Skeletal muscle is the tissue most responsible for basal and exercise induced energy expenditure and is commonly investigated to provide insights into human physical performance and disease, such as obesity and diabetes. Uncoupling protein-3 (UCP3) has been shown, in rodent mitochondria, to uncouple mitochondrial oxidative phosphorylation. Intuitively, this would result in an increase in energy expenditure and a decrease in the efficiency of aerobic ATP production. UCP3 expression is decreased under conditions where mitochondrial ATP production rate (MAPR) is improved, such as after long term endurance training. In contrast, UCP3 is increased in situations where MAPR is reduced, such as with muscle disuse. Additionally, we have observed that UCP3 content is greater in mouse subsarcolemmal (SS) than in intermyofibrillar (IMF) mitochondria. The aim of our project is a better understanding of the biological role of UCP3. To achieve this, we wish to determine whether changes in UCP3 content within the different mitochondrial populations with exercise or with muscle disuse, reflect changes in mitochondrial uncoupling and MAPR. We propose first to extend preliminary findings that mouse UCP3 is increased in IMF, but not in SS mitochondria after bouts of swimming exercise. From this experiment we will measure mitochondrial uncoupling and MAPR in the SS and IMF mitochondrial populations after 1 h of swimming exercise. This study will allow us to test the hypothesis that an increased UCP3 content will increase mitochondrial uncoupling and reduce the MAPR.
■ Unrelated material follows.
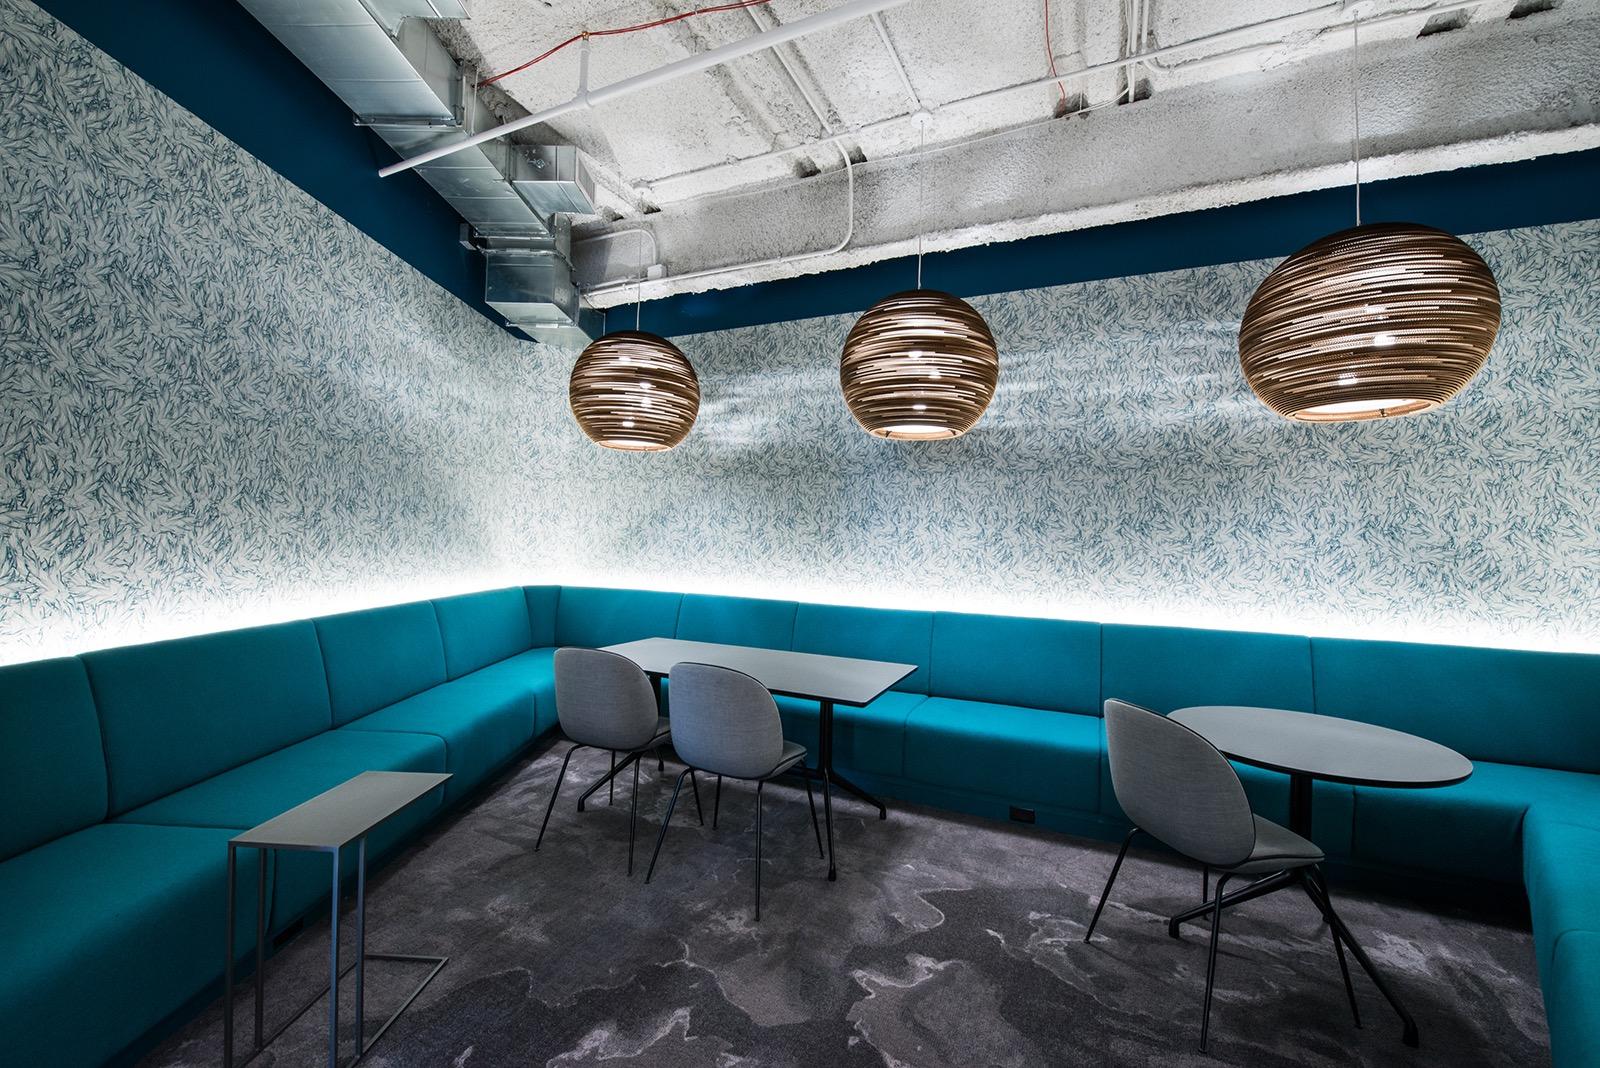 vox-media-nyc-office-10

We also propose two human studies in collaboration between the University of Geneva and the Clinique romande de réadaptation (CRR) SUVA Care Sion. We will investigate the effects of 10 days of endurance training on human UCP3 content, mitochondrial uncoupling and MAPR in SS and IMF mitochondria. It is hypothesised that endurance training will reduce UCP3 content and mitochondrial uncoupling with a resulting increase in the MAPR. Finally, at the CRR, patients suffering from muscle disuse injuries ranging from paraplegia to broken limbs, who stay at the clinic and undergo treatment for 1-6 months, will be sollicited as volunteers for a prospective study over 6 months which should allow us to investigate the effect of muscle disuse and physical therapy treatment on UCP3 content and mitochondrial

uncoupling and MAPR in both SS and IMF mitochondria.